O’ Brien added, “In today’s generation, the details are the storyline. Once I left a Coke can in the back in a video and I had 30 comments of people saying that they have so much in common, as they like Coke too. It’s not like they are not paying attention, but are hyper-focused on the short videos.”

Okeke went to talk about how TikTok as instant content discovery platform has the power to influence create cultures. She said, “TikTok is setting trends the way people dance, interact, talk. A lot of trends are happening because of the content put online.”

O’ Brien said this generation of youth is hyper-involved and want to do things differently. They watch a video and try to apply creativity to it to bring it out differently.

She said TikTok gives an advantage to the creators to try different things and not to stick to one form of content. “As a creator, on other channels, you are put into a box that you are a beauty person, fashion person or a lifestyle person. On TikTok, it doesn’t exist. One day you are doing a dance video and the other day you are running around outside doing something silly. All this allows us to be authentic, which is a really important part of this generation’s needs from content.”

They talked about how the new trend of ‘From perfection to imperfection’ is adding authenticity quotient to content posted online.

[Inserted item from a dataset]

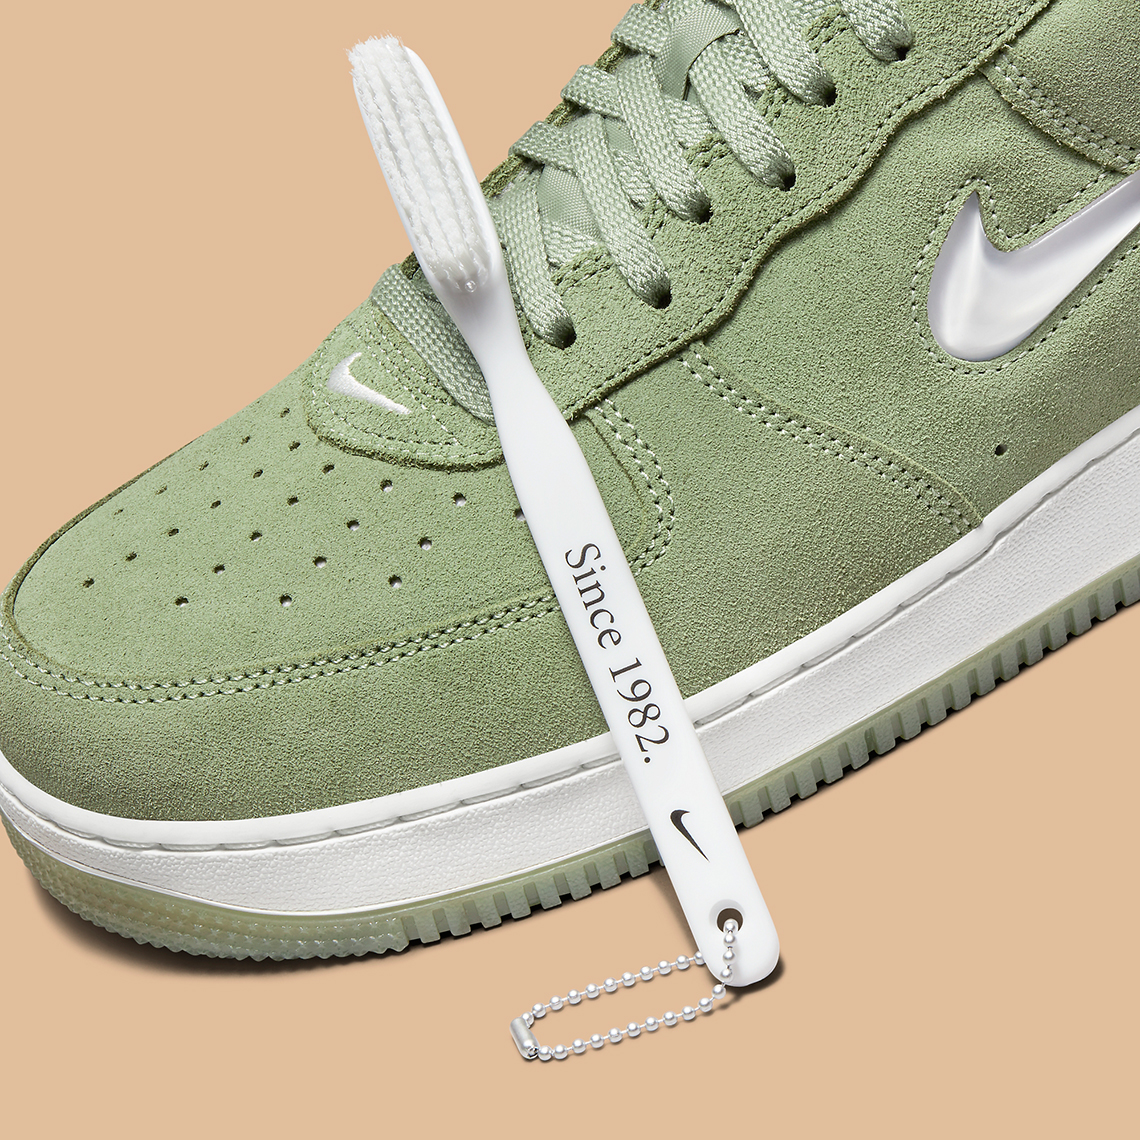 Suede And Canvas Cover The Nike Air Force 1 Low LX Oil Green - Sneaker News

O’ Brien said, “There is a new system of being rewarded for authenticity. There is value in knowing that sometimes things don’t work out. I have my most popular videos where I am trying to do things, which is not working out. People want to be connected in their imperfections. Because of our closeness to the audience, they are more forgiving. That allows us to try a lot of different things and be more creative. There is this forgiveness level that doesn’t exist in other channels.”

She said this also applies to brands. If brands have this type of relationship with their fans and followers and are listening to them, including in content creation, they would come closer to the consumers.

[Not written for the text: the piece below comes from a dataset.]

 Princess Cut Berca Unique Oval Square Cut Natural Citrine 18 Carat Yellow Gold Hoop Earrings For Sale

Okeke added, “TikTok is a very positive space. That is why I am there. If ever I get a negative comment, there are people countering those comments. My audience is like my friends. I post content that makes them happy. They give me the same response.”

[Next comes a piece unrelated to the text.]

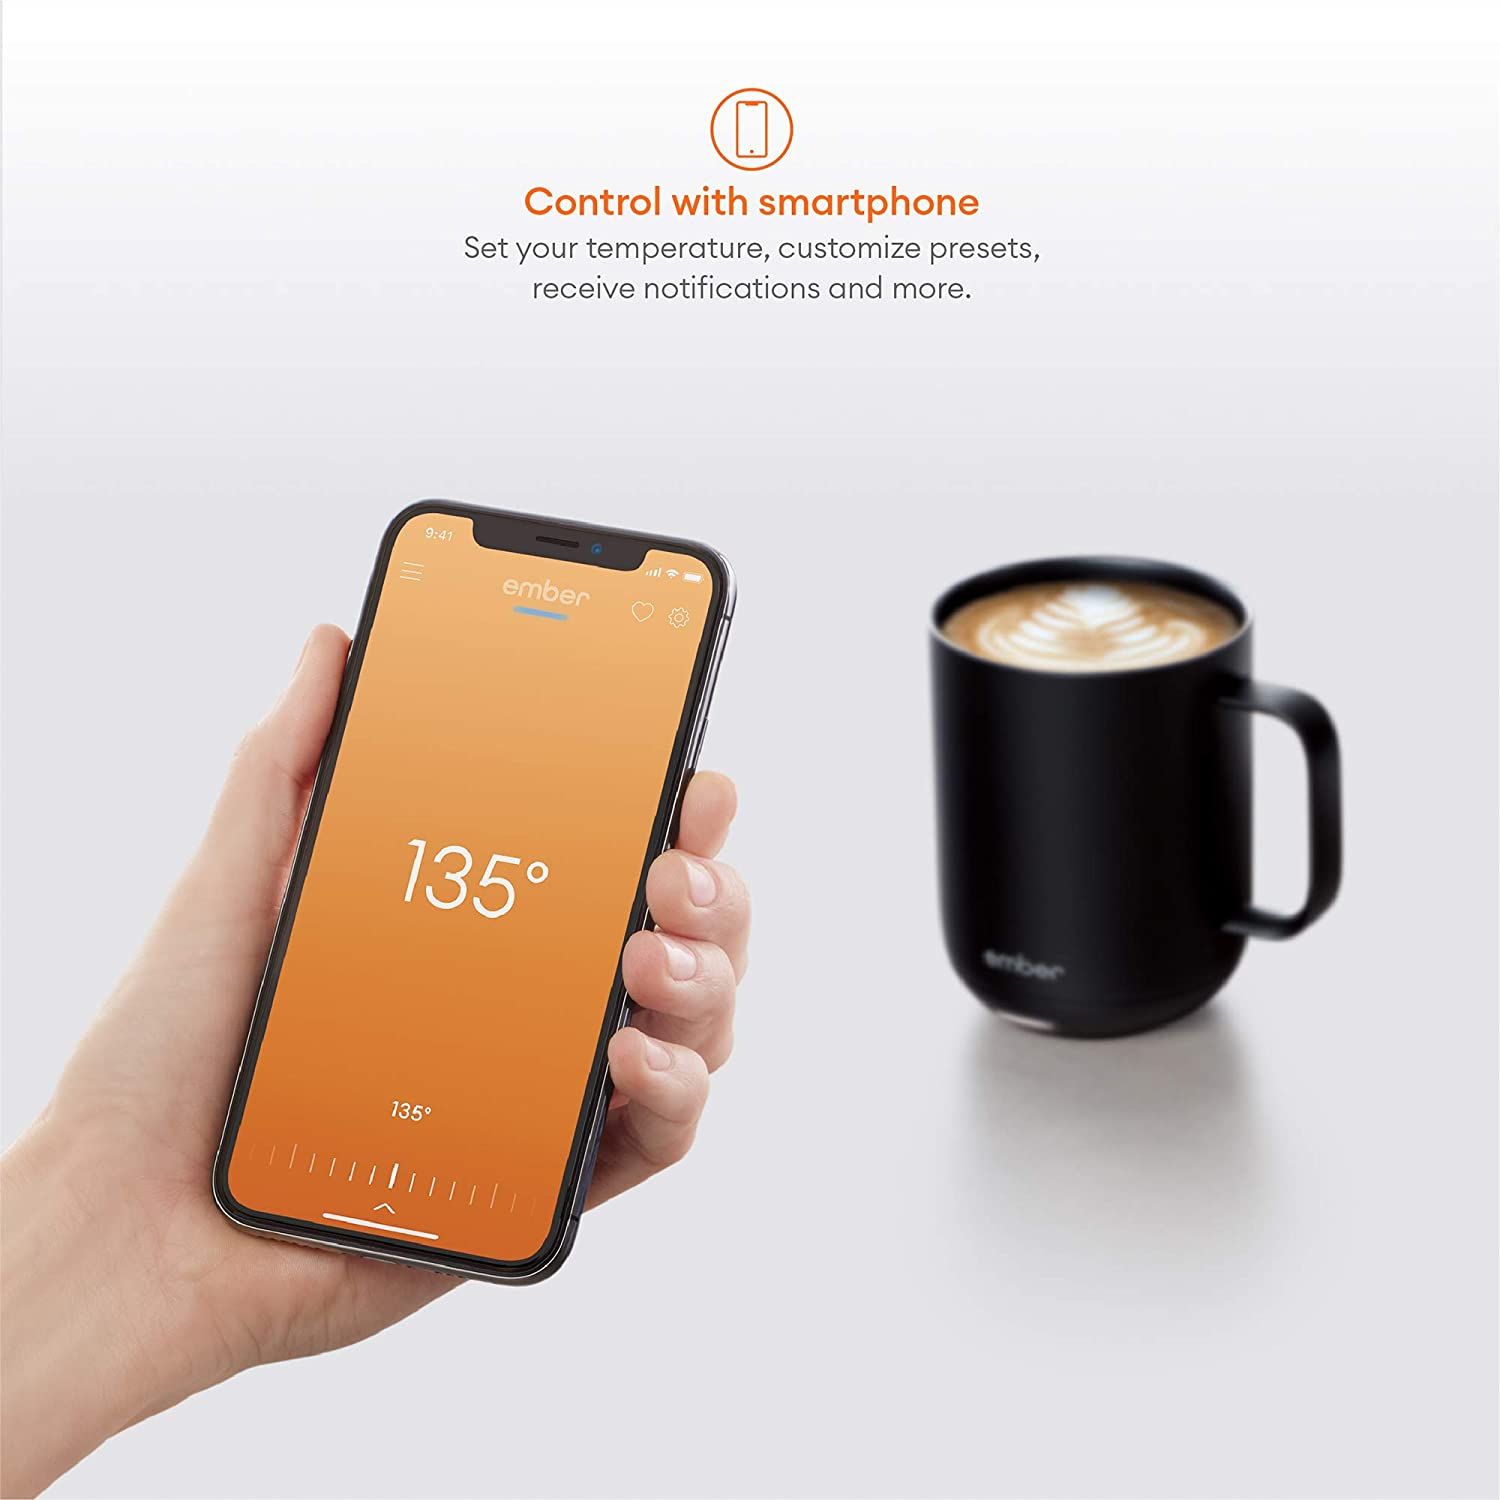 A visual for the Ember Smart Mug connected with smartphone app

Okeke and O’ Brien elaborated on how they want to collaborate with the brands and what kind of content creator and brand relationships are successful.

Okeke said that she would want to collaborate with brands that she actually use, which makes content authentic. She said, “I would collaborate with a brand that I would believe in. I am not going to advertise something that I don’t use and something that my audience doesn’t like. I would like to advertise authentically without doing basic product placement. I would like to include the brand very naturally like my day to day content.”

O’ Brien said it would be easy for creators to create content if they are given freedom in the content creation process. “If the brand is willing to be open and make a symbiotic relationship with the content creator to create something, it could be a really interesting fascinating thing. But if you come to us with the same expectations as the traditional commercials, you are going to fail.”

Okeke also said, “The brands should not come and tell the content creator what they have to do or say. Just tell them what your story and the brand message is. That doesn’t make content forced ad and makes the brand look original.”